Overturning the tutelage of the Master
Musician frees humanity to make music no longer celestial but human.11 The locus of human music
is grounded in the human subject, not surrendered to a metaphysical
abstract.12 8. Recaptured in this way the music freely chosen by human musicians need
conform to no abstract model. The dance of the planets, caught in their
net of interlocking gravitational fields and eternally predictable orbits,
is no longer the 'natural' paradigm of music.13 9. Freed from the fallacy of Natural Law, no one music is ethically superior
to any other.14 10. In the end, music returns to what it was when Pythagoras came to it, the
fall of hammers on a blacksmith's anvil.
1. Aristotle
in his Metaphysics (986aI) attributes the idea of the 'harmony
of the spheres' to Pythagoras (c.550-460 BCE). Pythagoras' followers
interpreted this idea as deriving from the ordering of the entire cosmos
according to number, and they consequently tended to deify geometrical
order (The Oxford Classical Dictionary: Oxford: 1949. pp 110
& 751). Pythagoras himself is said to have discovered the ratios
of the musical consonances while listening to the sounds of blacksmiths
hammering in a forge. It is suggestive in this connection that in Gnostic
mythology the seven demiurges
responsible for the creation of the material world are referred to as
Hephaestuses, blacksmiths, who are also associated
with the seven planets known
in pre-modern times (W.
Pagel & M.Winder:'The Eightness of Adam and Related 'Gnostic' Ideas
in the Paracelsian Corpus': Ambix: XVI (3): 1969. pp 119-137).

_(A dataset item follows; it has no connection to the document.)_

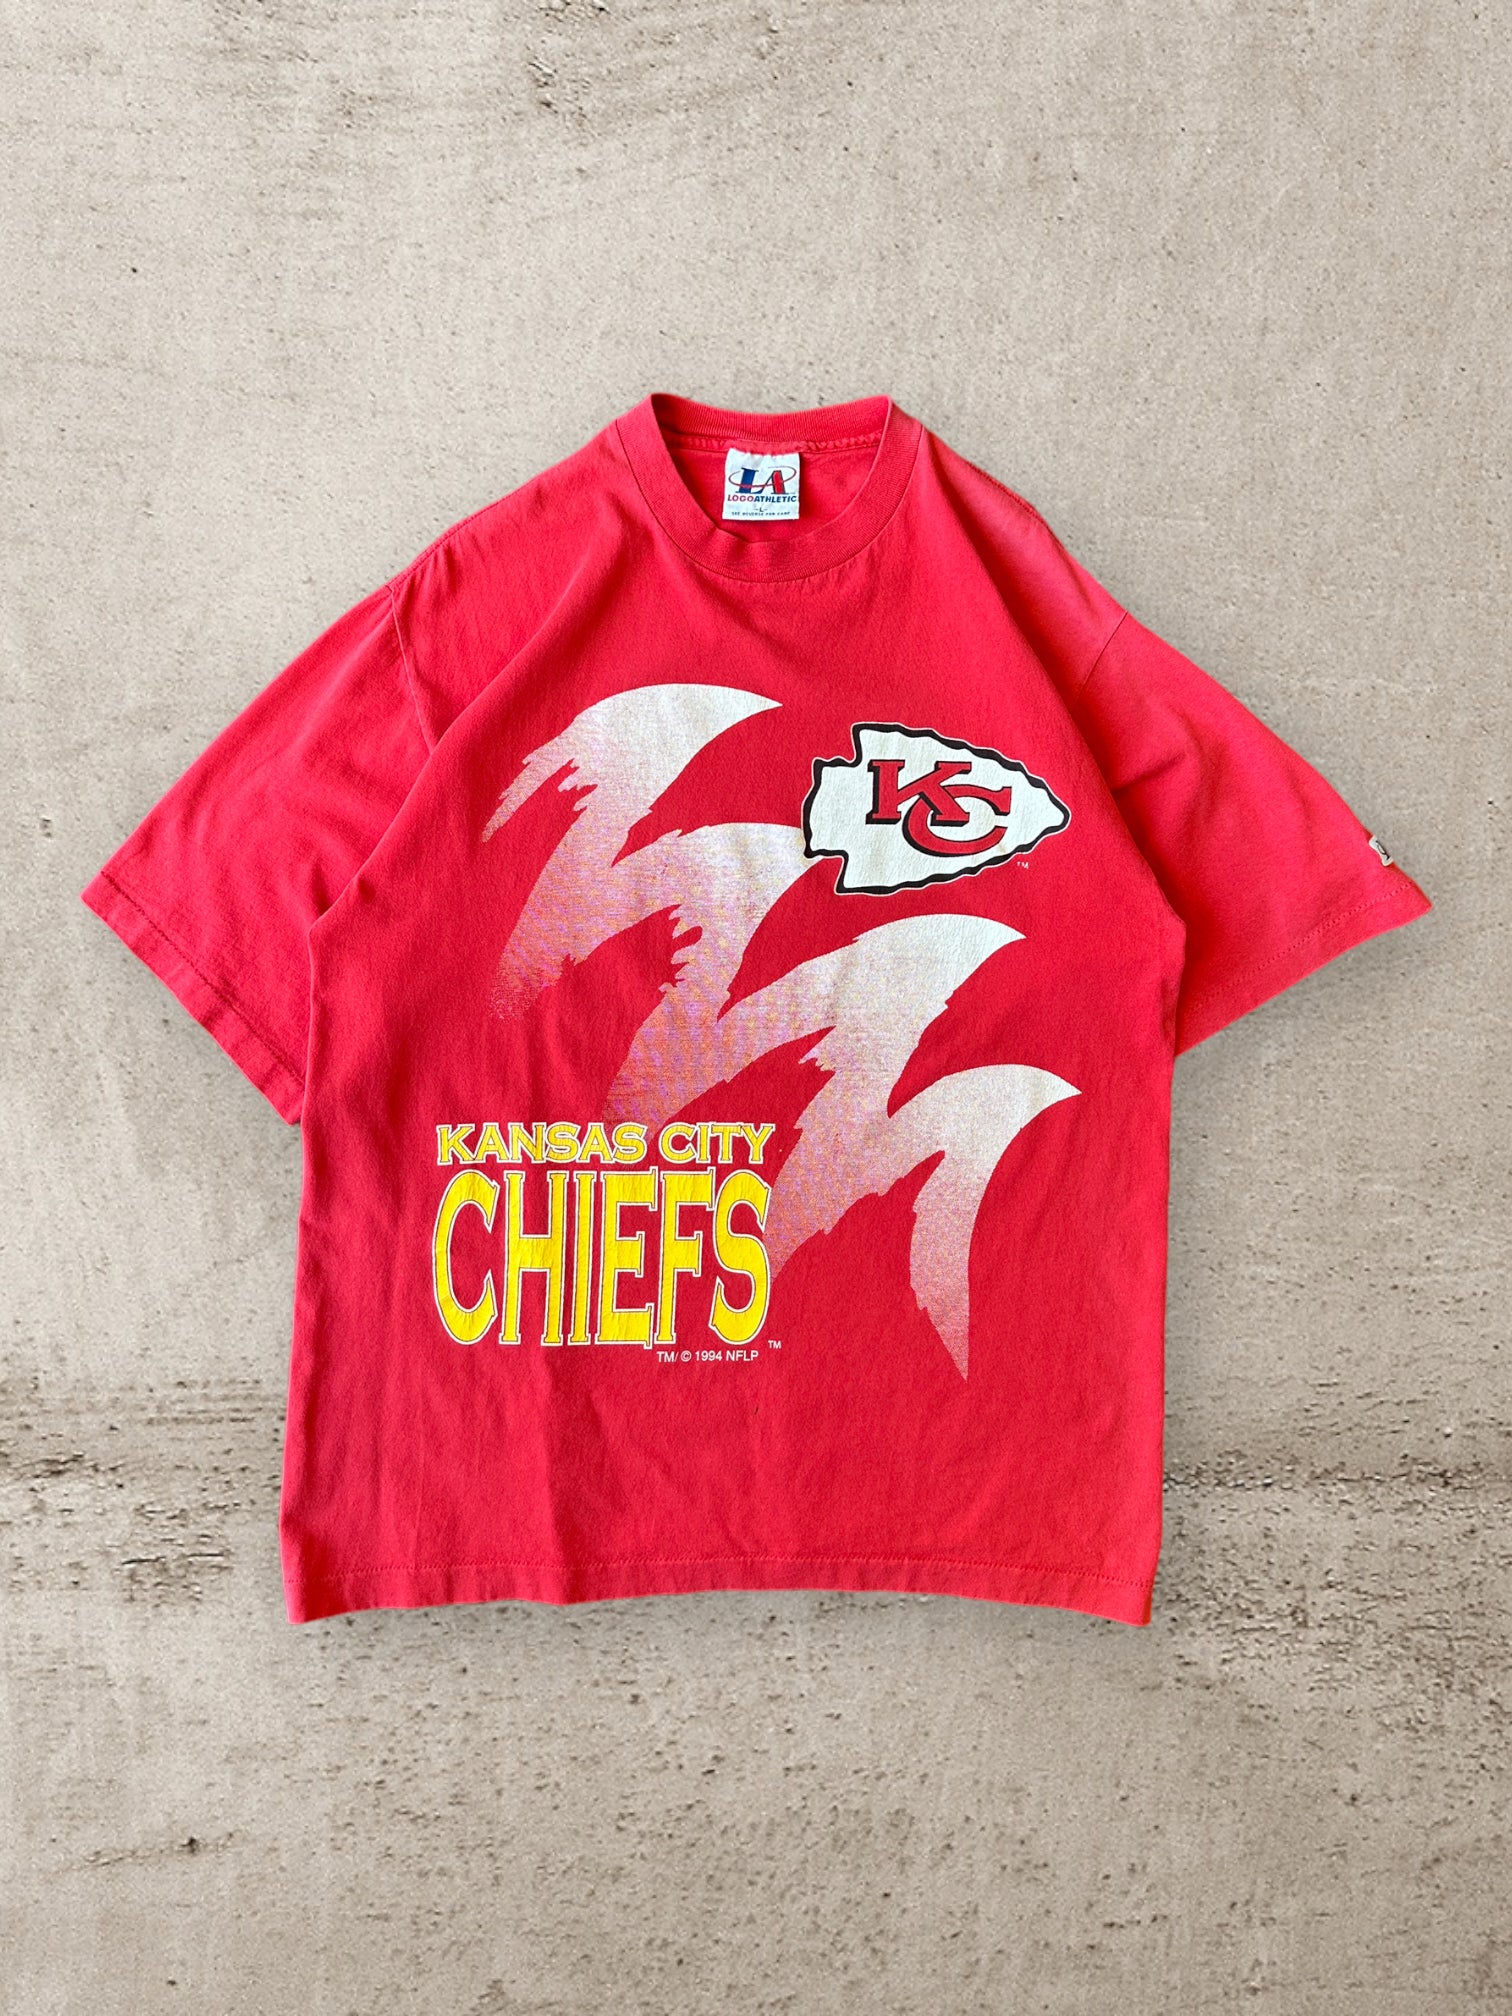 90s Kansas City Chiefs Graphic T-Shirt - Large

Pythagorean number mysticism and
related musical theories were revived by the neo-Pythagoreans
in the first century BCE and carried forward by the neo-Platonists of
the third century CE. They were thus alive for the revival of neo-Platonism
in the Renaissance and formed part of the mental equipment of all those
responsible for the flowering of both astronomy and musical theory in
the Early Modern period. 2. As a consequence
of this implicit identification, harmony and its associated concepts
became solidified as 'music'. Music was not conceived as soundwaves
in space (idem est noise) but rather as noise organised according to specific
rules, the arbitrary nature of which was concealed by reference to a specific conception of the structure
of the cosmos and ultimately to a specific metaphysics. As the validity
of these grounds was not admitted as a subject for question, the whole
matter of the definition of 'music' was ergo also ruled out of court.
"[music] is not a
human invention, subject as such to change, but a construction that
is so rational and natural that God the Creator has impressed it upon
the relations of the celestial movements." J. Kepler: Harmonices
Mundi: 1619. 3. The 'naturalistic
fallacy' has been comprehensively debunked in the sphere of political
philosophy. To equate what is ethically good with what is 'natural'
is to beg the question of 'what is natural?'. When we examine our
concept of 'nature ' we come to discover
that it contains a host of philosophical presuppositions and very little
else. To uncritically adopt 'nature' as a criterion of value is to smuggle
this great baggage of value-judgements into one's argument, through
the back door. In other words: [(What is natural in my frame of reference) = (What is
good)] = [(What is good
in my frame of reference) = (What is natural)]. idem est, a tautology. 4. This figure
of speech has meant a variety of things at different times throughout
its history. In its initial formulation it implied a real, audible,
music which the appropriately annointed could actually hear (Pythagoras,
for example). By the Middle Ages it had become purely metaphorical and
referred to no music in particular. In his Harmonices Mundi Johannes Kepler (1571-1630) revived the ancient conception
of a real celestial music, with a new twist, his was real but inaudible.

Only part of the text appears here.